CIR, which is part of the USC School of Social Work, first developed courses to be taught at the school’s location in downtown Los Angeles. To ensure it is offering the best resources, CIR re-evaluated the courses to find the best mode of delivery. In-person classes offer face-to-face interaction, but online courses offer fewer costs than those associated with putting on actual seminars.

“The content of the courses are basically the same, and we try to build comparable interactivity within the online classes,” Hassan said. “There is also greater flexibility in terms of time for the online students. They can complete the modules at their own pace and delve as deeply as they want into special topics.”

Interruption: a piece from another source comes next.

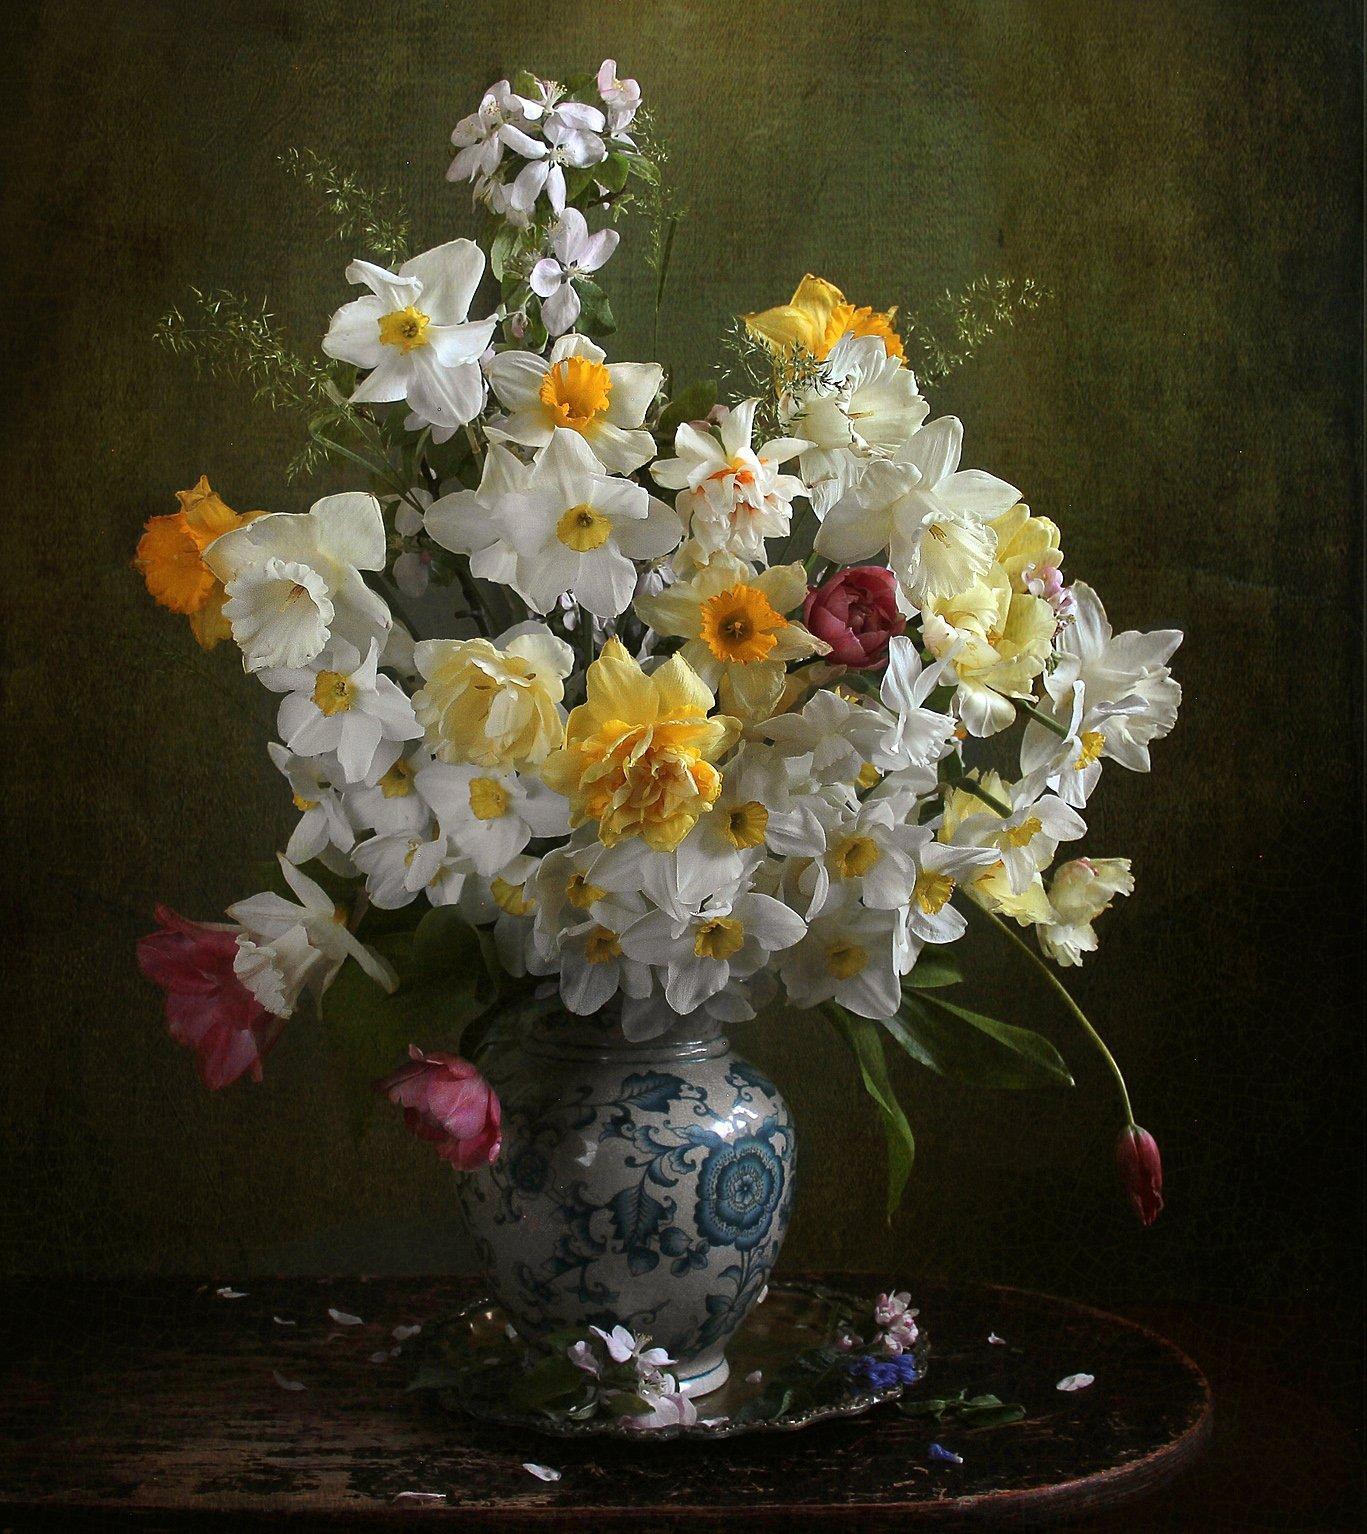 Цветы, в каком-то солнечном свеченьи, и белые и жёлтые сплелись Филатова Марина
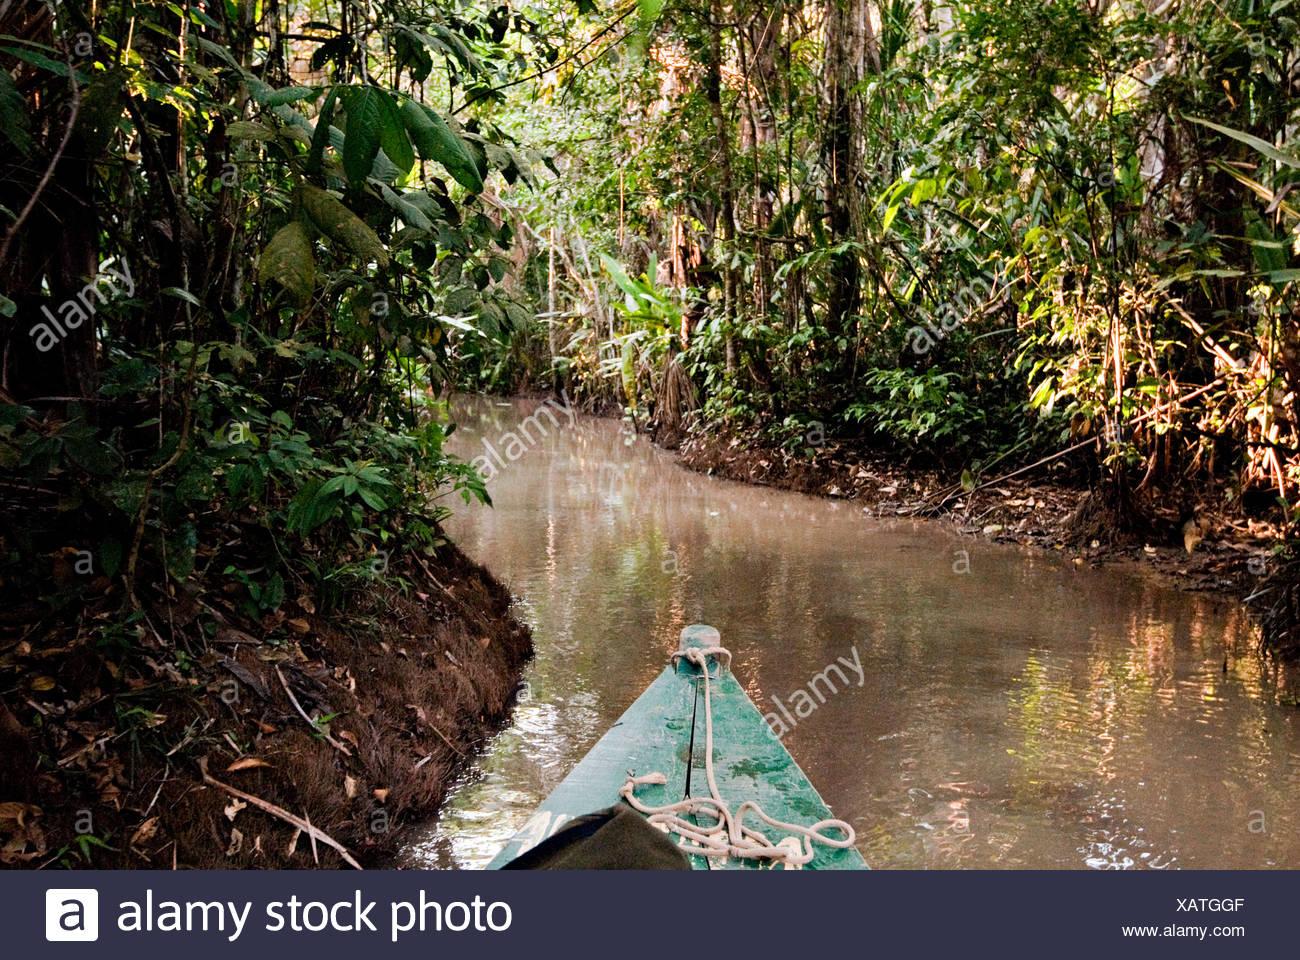 La foresta pluviale amazzonica Puerto Maldanado, Perù. Immagini Stock

For its first online course, CIR launched “Military Culture,” a broad introductory course that promotes a deep understanding of military culture and other related life circumstances for civilian professionals who will be working with servicemembers, veterans and their families. Taught by Hassan, the class, which is informed by Master of Social Work courses in the Military Social Work sub-concentration, is a self-paced course focused on evidence-based practices.

The online courses allow for interactive learning and the unique opportunity to correspond with experts in the field. For one week in February, New York Times journalist James Dao, who won the 2012 Alfred I. duPont-Columbia University Award for his series “A Year at War,” participated in the Military Culture course forum, bringing the perspective of war reporting to students.

While the online courses have several interactive features, CIR’s first goal has been user-friendly interaction. Instead of offering the standard PowerPoint presentation to click through, CIR focused on improving forums for lively discussion and offering helpful visuals.

CIR conducted a survey with about 300 behavioral health care providers, as well as focus groups, to see what they wanted in continuing education courses. From there, the course developers used the feedback to design the best modules for their audience in both content and delivery.

“We tailor the courses so they are appropriate to the continuing education audience,” said Hassan. “The courses are designed specifically for post-graduate behavioral health professionals, who have a certain level of education and experience and who are currently practicing in the field.”